The rigorousness and ‘regularity’ of the structure: the fewer the options to serialise the same thing in a different way, the easier it is for a machine to parse the file and identify the role of each element.
The existence of a clear and open specification for the format, which makes it easy for any developer to write parsers. (Many formats are tied to a software product and can be correctly and fully parsed only by that product. This makes their interoperability level very low.)
An additional help is the existence of software libraries and APIs that can parse the format.

The formats that are considered the most interoperable against the criteria above are CSV, XML and JSON.

Binary array-based formats like NetCDF and HDF5 retain a special place for their use by researchers. They will not be described here for a few reasons: they are more tied to specific software libraries (however many tools can read them); they are still more oriented towards compactness and efficiency of data transmission than towards broader interoperability, especially semantic interoperability; and some work has already been done to represent NetCDF in CSV (the CEDA BADC-CSV format) and in XML (the UNIDATA NcML).

CSV (comma-separated values) files have a simple tabular format with a header record with column names, commas to mark the field boundaries and line feeds to mark the record boundaries.

CSV is the simplest data format and very much used for typical tabular data like statistics or observations, but it cannot represent complex structures and is not documented in a machine-readable way: ‘There is no mechanism within CSV to indicate the type of data in a particular column, or whether values in a particular column must be unique. It is therefore hard to validate and prone to errors such as missing values or differing data types within a column.’[13] Some work to improve the interoperability of CSV files has been done by the W3C Working Group on ‘CSV on the Web: Use Cases and Requirements’.

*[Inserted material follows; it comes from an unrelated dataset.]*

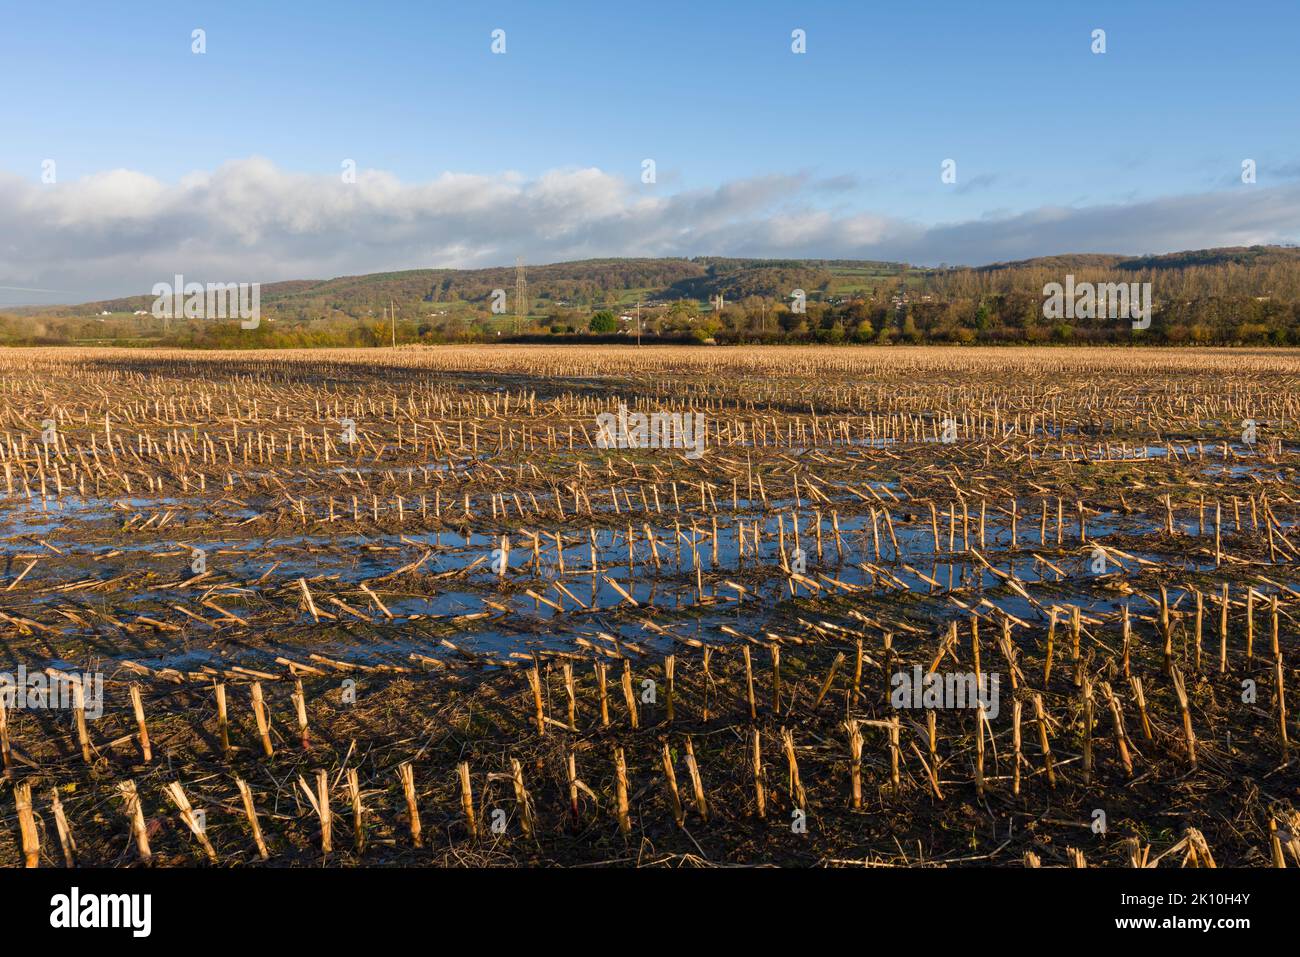 Un champ engorgé avec des poils de récolte laissés lors d'une récolte précédente à la fin de l'automne. Wrington, North Somerset, Angleterre. Banque D'Images

XML (eXtensible Markup Language) is ‘a markup language that defines a set of rules for encoding documents in a format that is both human-readable and machine-readable. The design goals of XML emphasise simplicity, generality, and usability across the Internet.’ (see Figure 1).

The most interesting aspect of XML in terms of interoperability is the support of the definition of ‘schemas’ to which a specific XML document can declare to conform. Schemas are machine-readable documents that specify how to name and organise the elements in an XML document and can define hierarchies, constraints etc.

Dataset metadata in XML can reach a high level of complexity.

JSON (JavaScript Object Notation) is ‘an open-standard file format that uses human-readable text to transmit data objects consisting of attribute–value pairs and array data types (or any other serialisable value)’.

JSON has a good combination of simplicity and flexibility in terms of data structures (it was born as a format to represent programming data objects of any kind) and it now has support for the definition of schemas for validation purposes. Given the ease of use of JSON structures in programming languages, JSON is the serialisation format preferred by programmers.

Of the three, XML is traditionally the one considered as the best combination of (a) simplicity; (b) flexibility for complex data structures; and (c) support of schema definitions that set constraints and help validation and parsing. However, considering that JSON also supports schemas and that both XML and JSON can represent RDF (see below), JSON can be considered as suitable as XML.

Other formats that are extremely well interoperable are the main native RDF formats, Turtle and N-Triples.

RDF. The Resource Description Framework (RDF) is ‘a general method for conceptual description or modeling of information’. As such, it is not a format and not tied to a specific format: any format that can represent the basic RDF ‘grammar’ (“triples”) can implement RDF.

The RDF grammar is based on statements made of subject – predicate – object; each statement is a ‘triple’ and the assumption is that combinations of such triples can represent and describe everything. Ideally all three components of the statement should be represented by Unique Resource Identifiers (URIs) that always refer univocally to the same entity.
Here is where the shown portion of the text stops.